¿Qué harías si dispusieras de 100 años de juventud? ¿Y si sólo dispusieras de 10 horas antes de morir? Con este planteamiento a priori tan interesante nos atrapa “In Time“, lo último de Andrew Niccol, director entre otras de Gattaca.
En un futuro indeterminado, los humanos no envejecen más allá de los 25 años, pero en cuanto cumplen los mismos disponen de un sólo año de vida. El dinero no existe, el tiempo es la moneda en cualquier clase de transacción, así que la gente trabaja para obtener tiempo de vida. Pero no todo es tan sencillo, las cuotas son cada vez más caras y la gente de los barrios pobres vive “al día”, es decir, levantándose cada mañana con menos de 24 horas de vida.

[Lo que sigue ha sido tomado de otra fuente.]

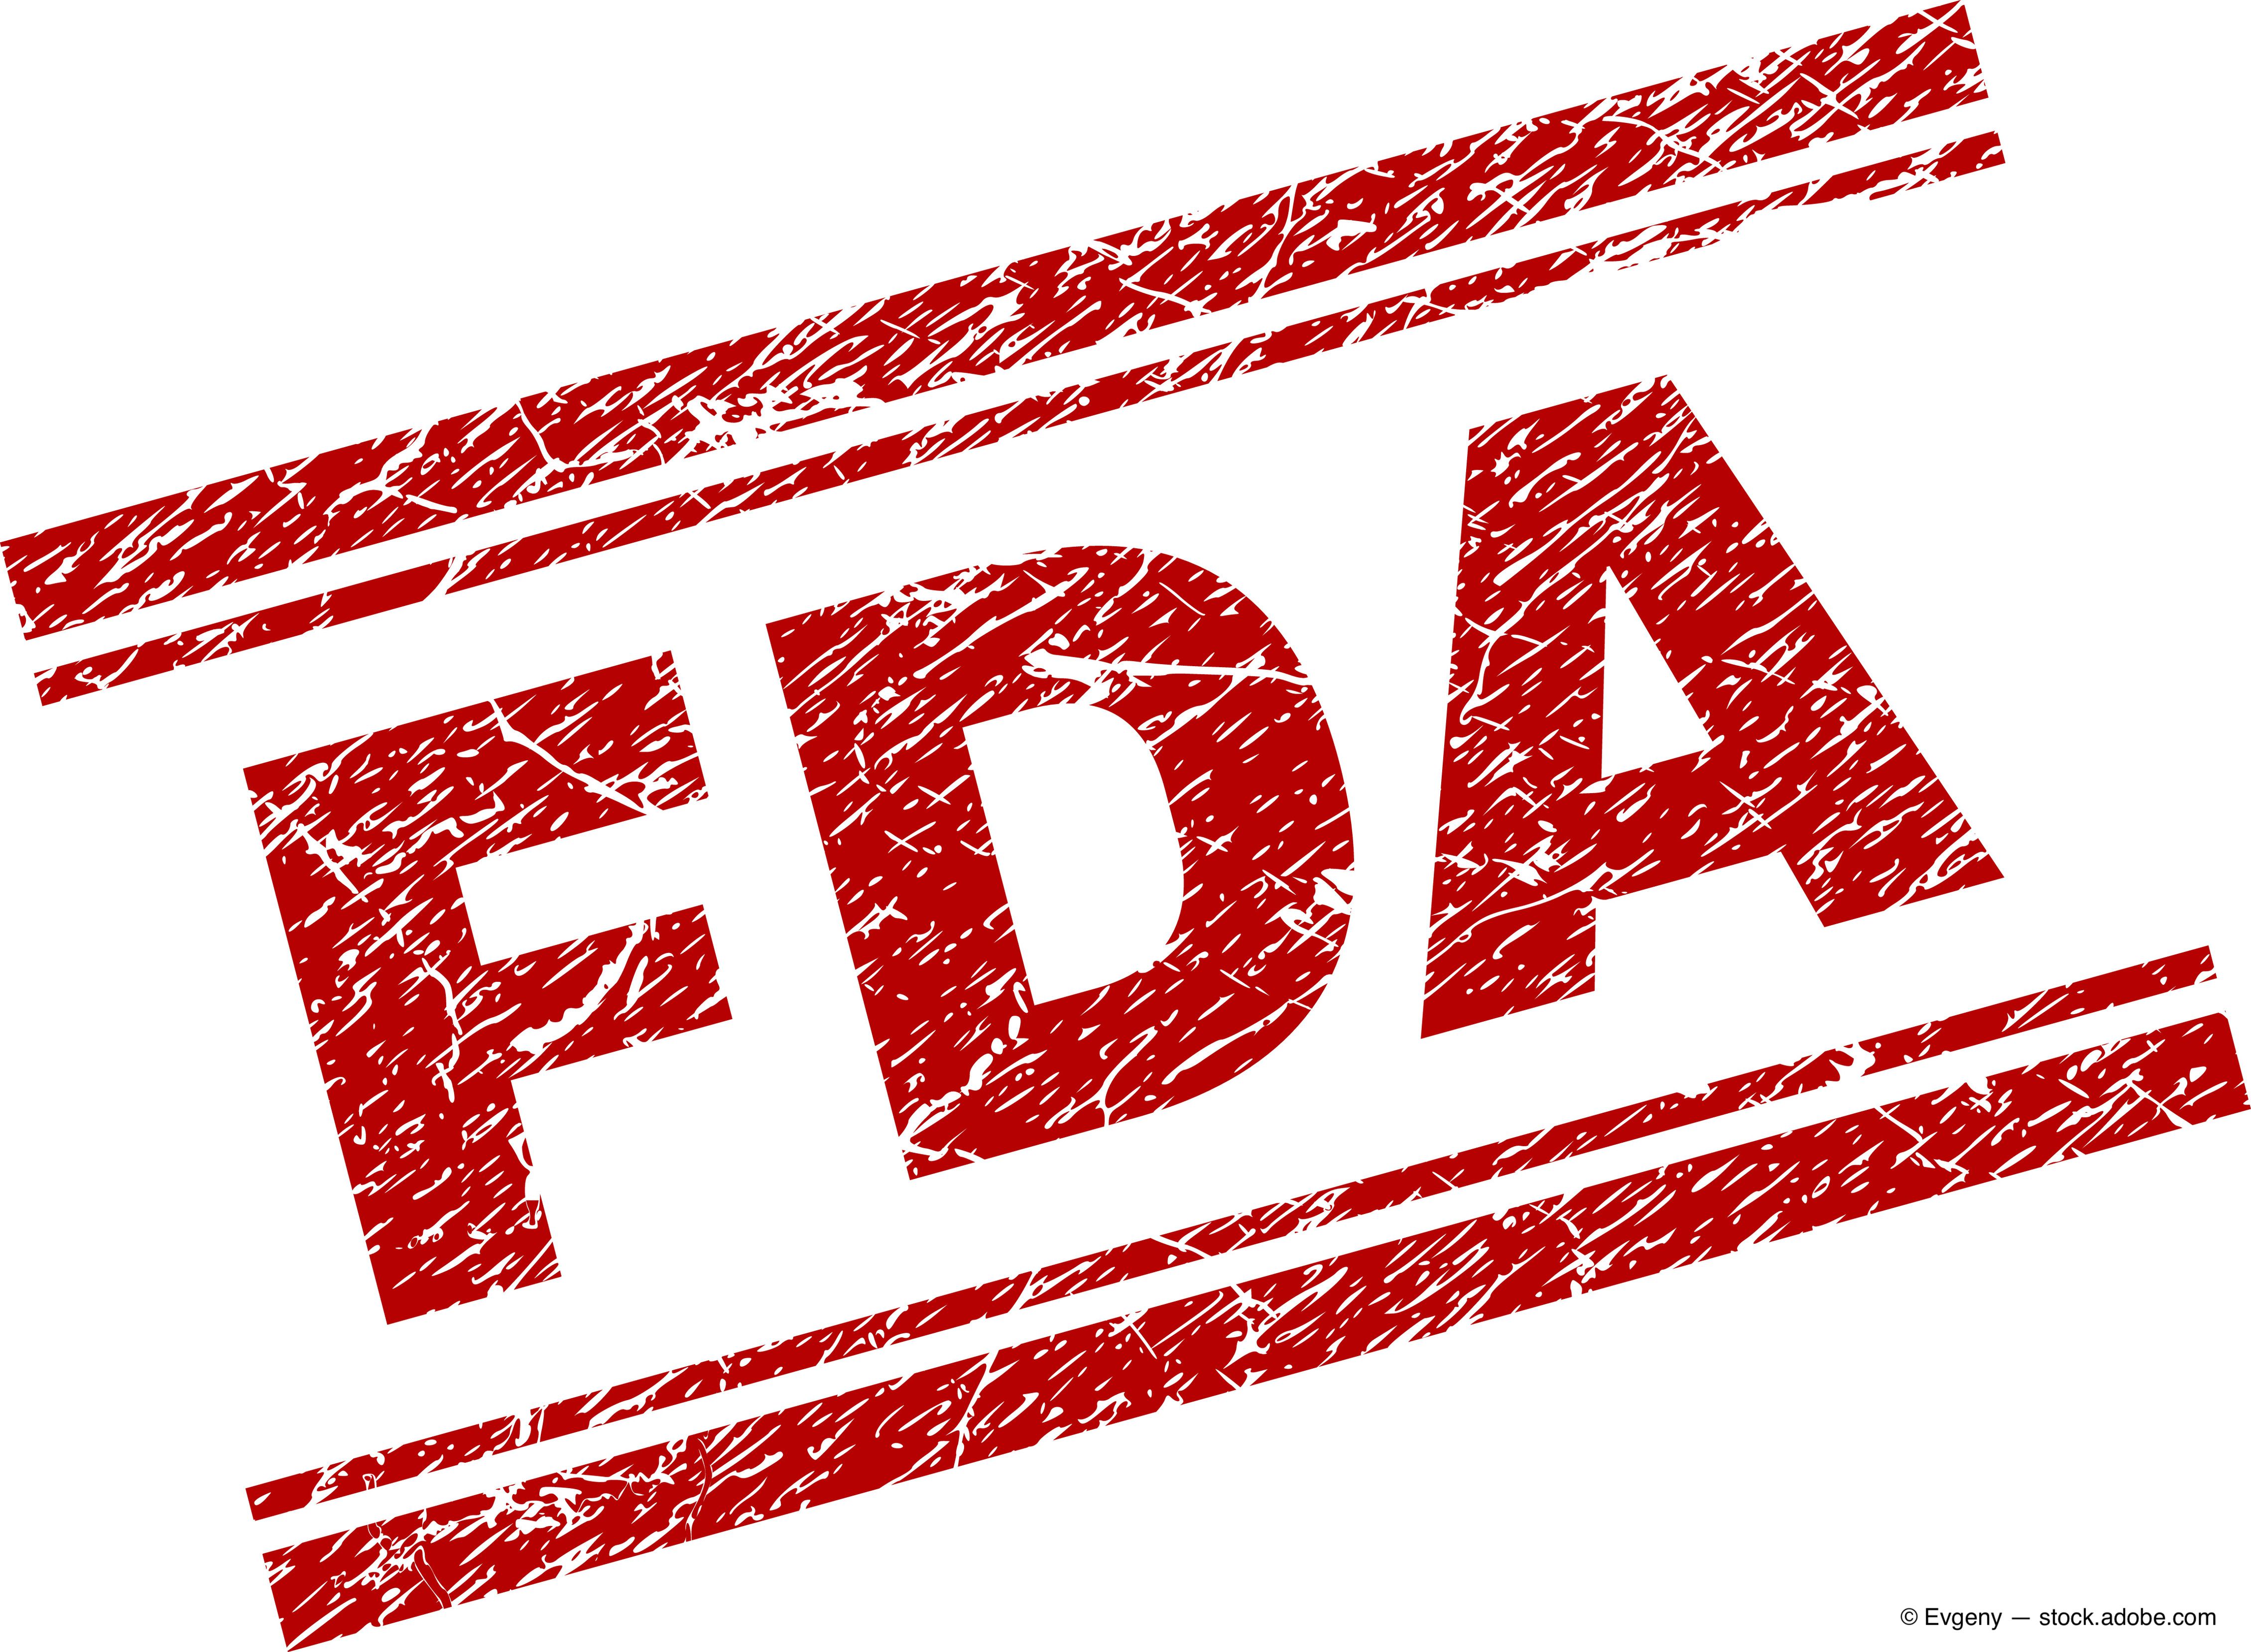 FDA grants fourth ODD for treatment of gene mutation-associated reginal diseases

En esta situación se encuentra el personaje de Justin Timberlake, un joven de 28 años que se ve obligado a trabajarduro día a día para poder vivir. Sus circunstancias cambian cuando consigue discernir una parte de la verdad que afecta a su civilización: los estratos superiores de la sociedad disponen de eones de tiempo, hasta tal punto que hay gente que es inmortal, mientras que en los suburbios todos los días mueren personas. Este aspecto de la trama, donde se puede ver una crítica al modelo económico y al reparto de la riqueza, me pareció muy bueno, pero poco a poco se diluye.
Y es que la película que empieza implicando mucho al espectador, llegando a trasladarnos la urgencia por conseguir más tiempo, y haciéndonos reflexionar sobre cuestiones morales como si la inmortalidad está justificada si se cimienta en la muerte de otros, poco a poco se desvincula de esta trayectoria y se convierte en una película de acción estándar. La película está bien contada en ambas partes (aunque me quedo con el primer tercio de la cinta, mucho más reflexivo), pero hay aspectos un tanto absurdos o que no se sostienen de ninguna manera, como las escenas de humor barato, que consiguieron de todo menos hacerme reír. Persecuciones, coches, tiros y peleas imperan en esta segunda etapa de la película, y aunque me mantiene atento en la sala hasta su final (que remonta un poco la caída que se sufre en torno a la mitad de la proyección), me hace pensar dónde fue aquella primera parte donde todo era mucho menos superficial.
En cuanto al reparto, todo el peso recae sobre Timberlake, ya que la co-protagonista (Amanda Seyfreid) no veo que se sostenga por sí sola en la película, excepto en dos o tres momentos. Los villanos y personajes secundarios son bastante artificiales en su actuación.
En definitiva, In Time representa un planteamiento moral y argumental muy bueno, que decae para ceder el terreno a la acción absoluta, para volver al final a una nueva reflexión, esta vez menor que al principio de la película. Si bien creo que se podía haber hecho mejor, es una película que se deja ver y que no llega a aburrir en ningún momento, si exceptuamos un pequeño lapso en la mitad de la cinta.